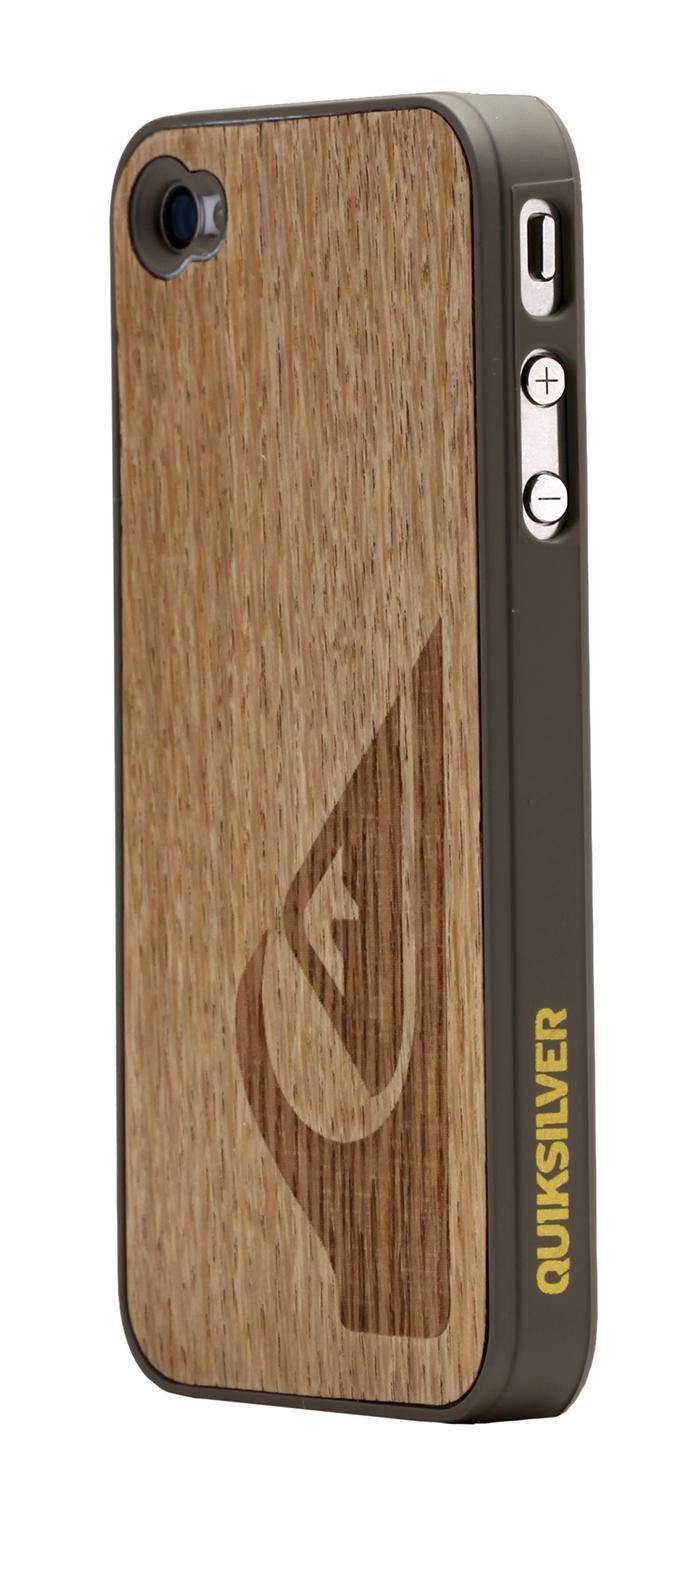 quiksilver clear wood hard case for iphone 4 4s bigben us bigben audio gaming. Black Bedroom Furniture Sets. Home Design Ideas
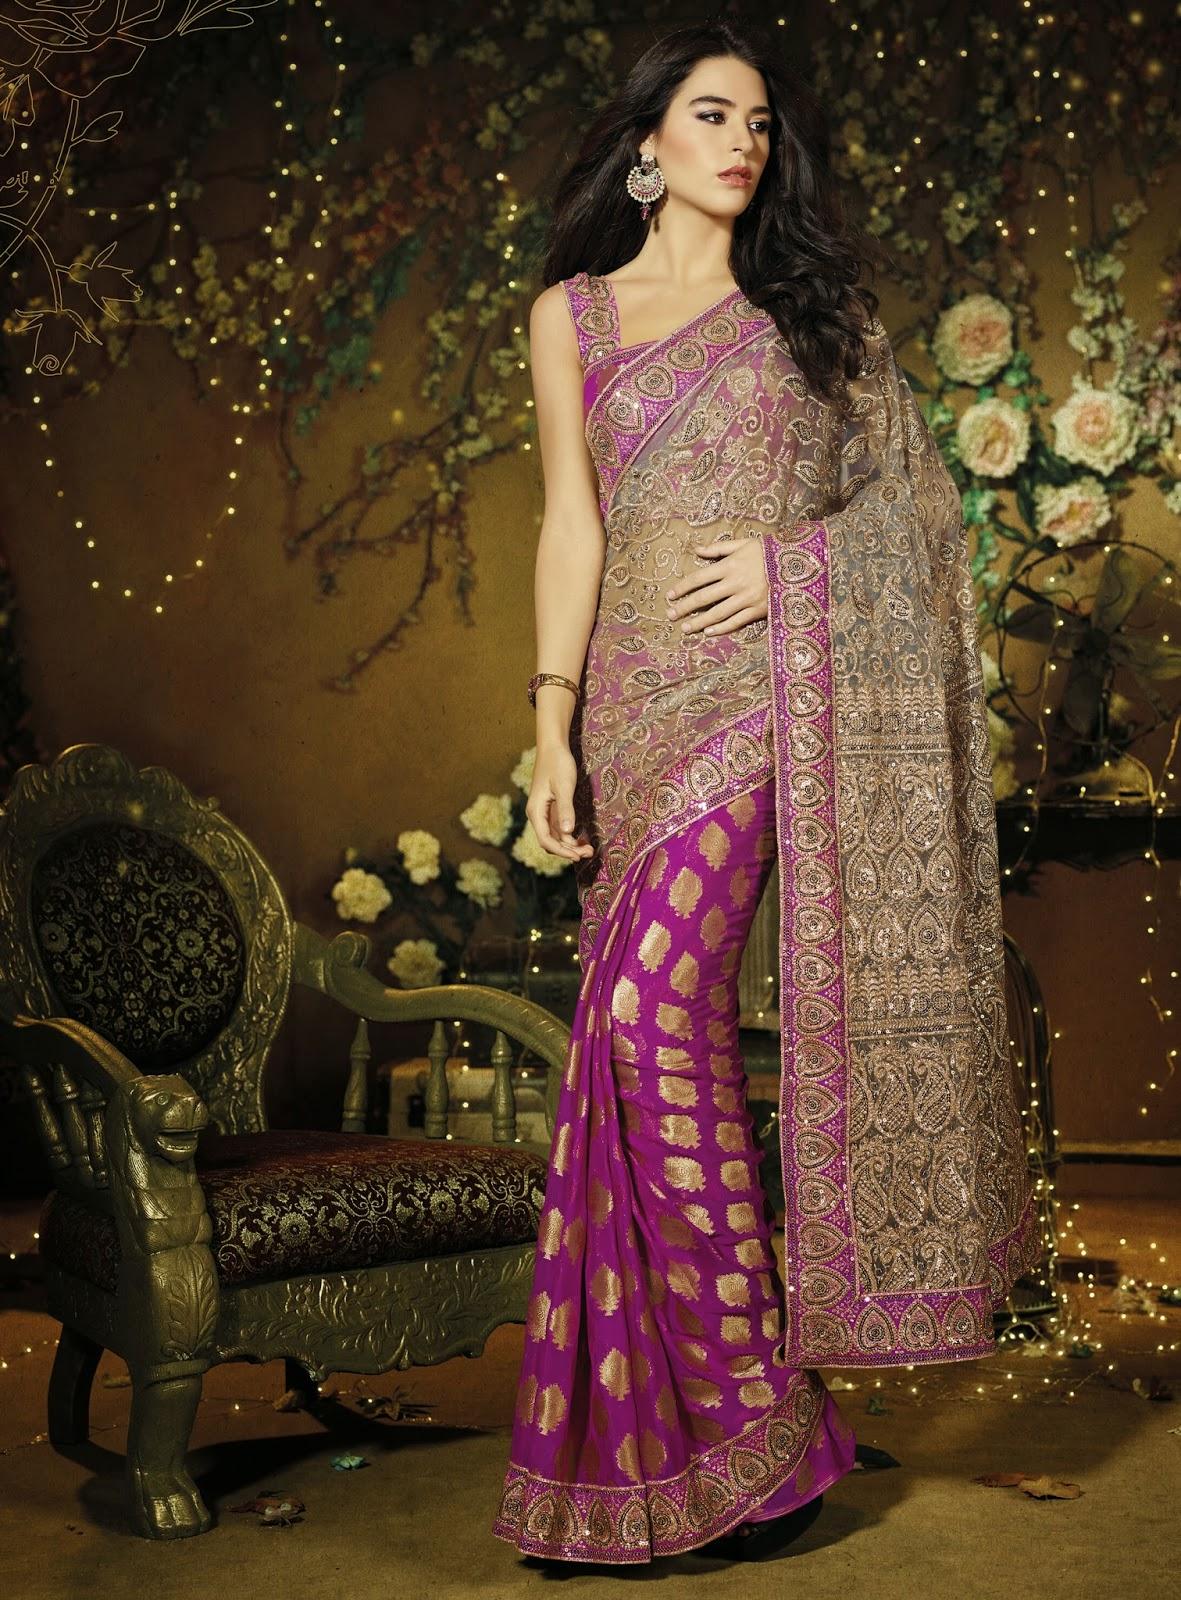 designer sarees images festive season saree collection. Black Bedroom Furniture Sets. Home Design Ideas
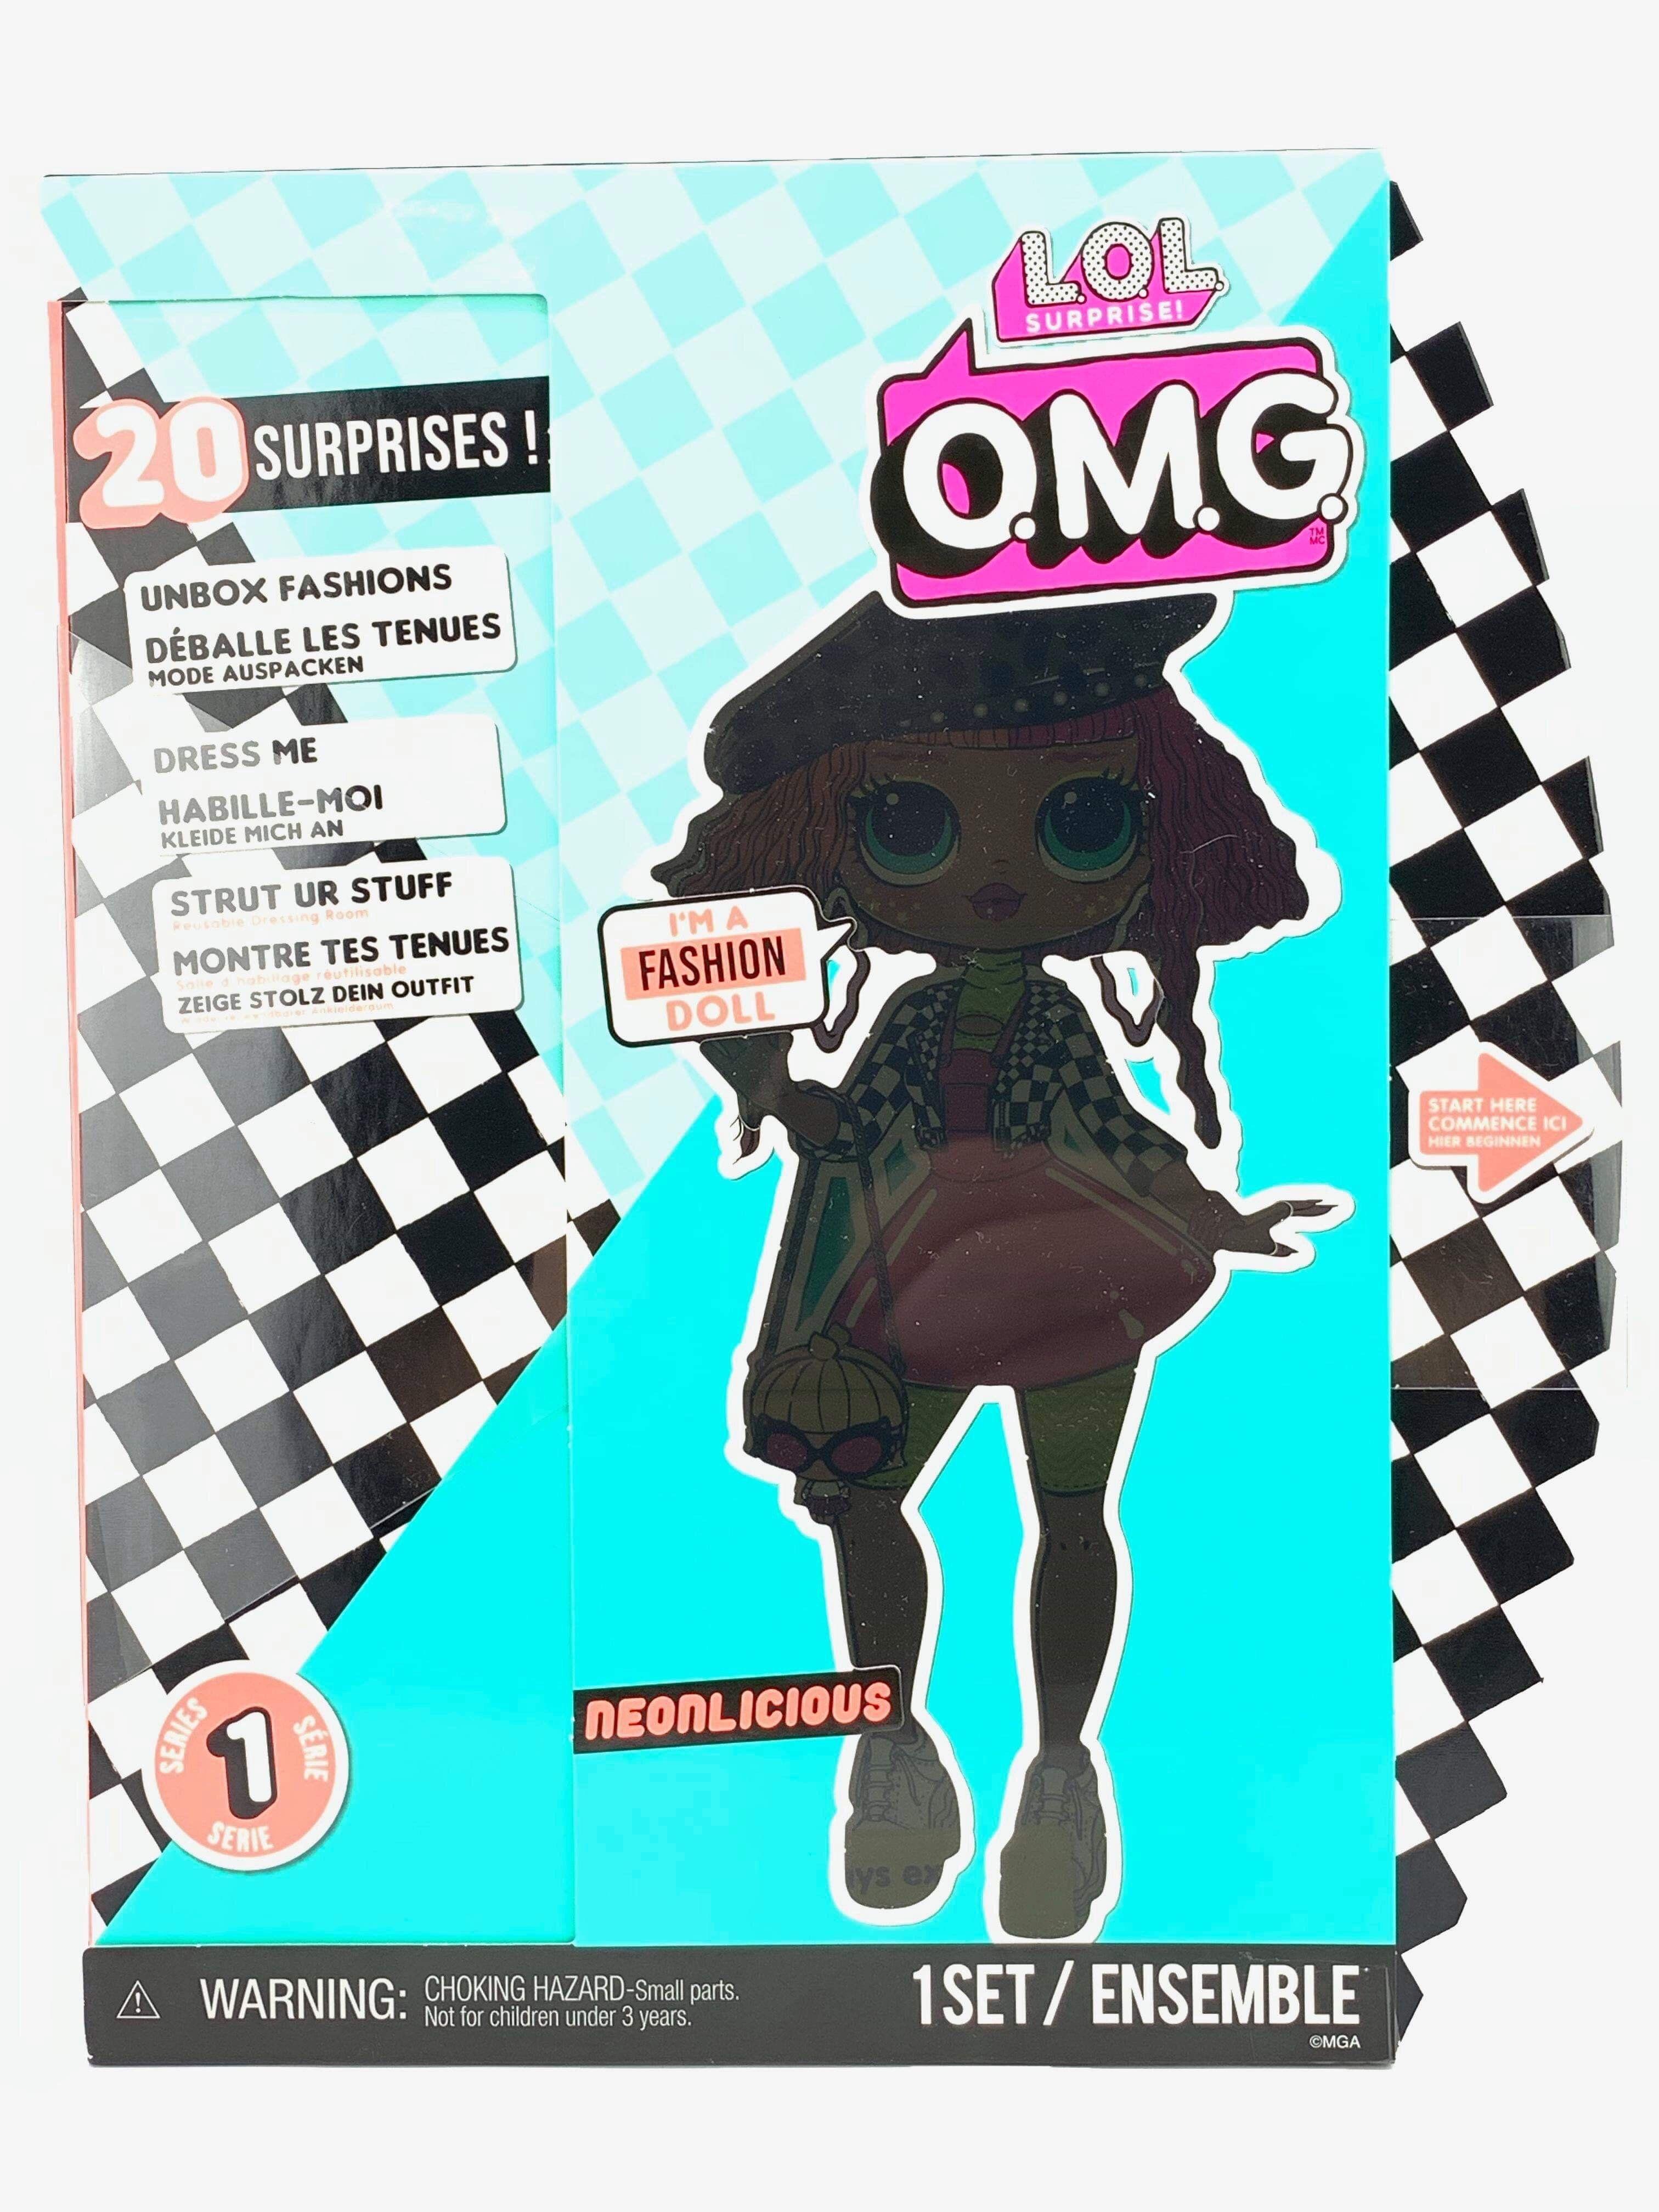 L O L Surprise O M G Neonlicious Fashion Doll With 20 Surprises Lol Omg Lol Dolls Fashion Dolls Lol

• EXERCISE DESCRIPTION
Reproduce the data above in full, exactly, with the images removed.

• WRITTEN RESPONSE
 quiksilver clear wood hard case for iphone 4 4s bigben us bigben audio gaming. Black Bedroom Furniture Sets. Home Design Ideas
 designer sarees images festive season saree collection. Black Bedroom Furniture Sets. Home Design Ideas
 L O L Surprise O M G Neonlicious Fashion Doll With 20 Surprises Lol Omg Lol Dolls Fashion Dolls Lol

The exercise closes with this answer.